Dans un court prologue, Sama, Française d'origine algérienne, apprend qu'une explosion a eu lieu dans une gare. Sans nouvelles de sa fille Julie qu'elle a sentie très perturbée lors de leurs dernières rencontres, elle craint le pire. Ce qu'elle apprend des circonstances de cet événement dramatique la ramène à sa propre histoire.
S'ensuit une longue plongée dans les ultimes années de l'Algérie française, dans une région proche du massif de l'Aurès, à une période charnière, lorsque le général
De Gaulle laisse entrevoir la possibilité d'une autodétermination des populations d'Algérie. Les tensions deviennent de plus en plus vives entre les différentes parties, et le contexte dramatique qui en résulte est particulièrement bien rendu dans ce roman bien documenté.
Le capitaine Renaudin compte dans ses effectifs des soldats d'origine algérienne qui ont combattu pour la France sur tous les fronts, certains avec lui. Mais cette fois, la donne est différente, ce sont des frères, des cousins ou d'anciens camarades de régiment qui leur font face.
L'officier retrouve également une vieille connaissance en la personne de Guerite, personnage méprisable s'il en est qui a déjà sévi pendant l'occupation allemande, et qui, fidèle à sa personnalité trouble et à sa capacité à se tourner du côté où se trouve son intérêt, va marquer l'histoire de son empreinte néfaste.

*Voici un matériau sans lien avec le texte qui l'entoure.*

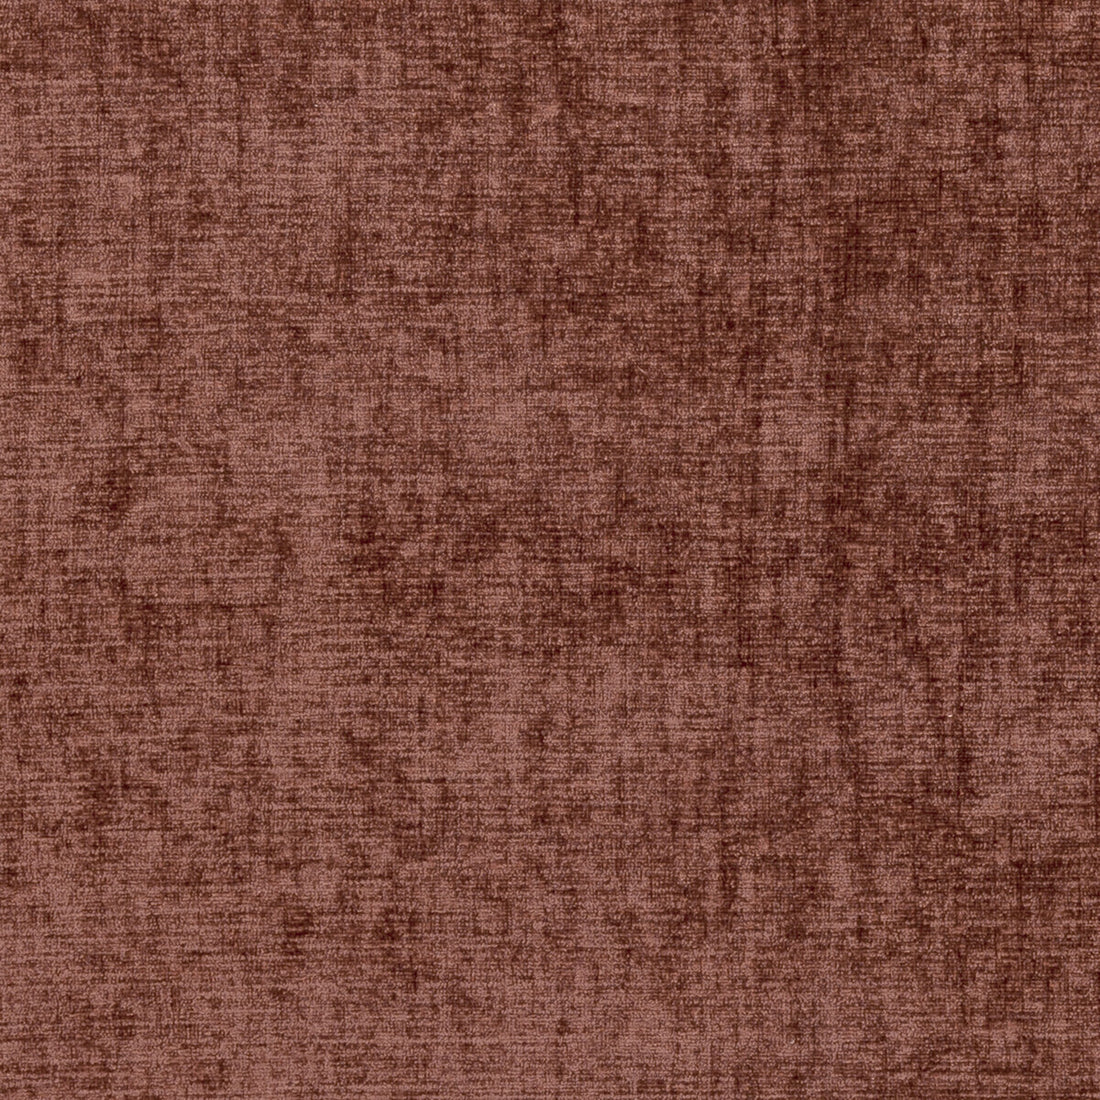 Karina fabric in chocolate color - pattern F0371/11.CAC.0 - by Clarke And Clarke in the Clarke &amp; Clarke Karina collection

Dans une deuxième partie plus courte, après une transition un peu rapide à mon goût, l'action se passe de nos jours, centrée sur les événements tragiques qui ont frappé la France depuis l'attentat de
Charlie Hebdo. L'auteur s'intéresse, à travers la destinée de certains descendants des familles revenues d'Algérie, aux mécanismes mis en oeuvre par de véritables recruteurs professionnels pour radicaliser des personnes influençables, n'ayant pour certaines au départ que peu de relations avec la religion islamique. J'ai lu avec beaucoup d'intérêt ces pages, avec un sentiment de malaise face à la manière dont ces manipulateurs parviennent à canaliser les doutes et les questionnements de personnes en recherche d'identité pour les transformer en actes violents.
Malgré la grande richesse et l'intensité dramatique des événements évoqués, j'ai eu la sensation d'un petit manque pour apprécier totalement cette lecture. Je n'ai pas retrouvé ce qui m'avait impressionné dans le premier roman d'
Alexis Ruset, «
Pour que la mort ne crie pas victoire», cette écriture lyrique et poétique faisant passer beaucoup d'émotions. Certainement que les périodes concernées par le récit s'y prêtent plus difficilement, trop douloureuses dans les mémoires ou trop actuelles. J'ai trouvé le style un peu froid avec l'impression de rester spectateur de cette histoire qui, bien que m'ayant beaucoup intéressé, ne m'a pas vraiment transporté, sauf dans les toutes dernières pages d'une très grande beauté tragique.
Je remercie Babelio et les éditions ZINÉDI pour cette lecture.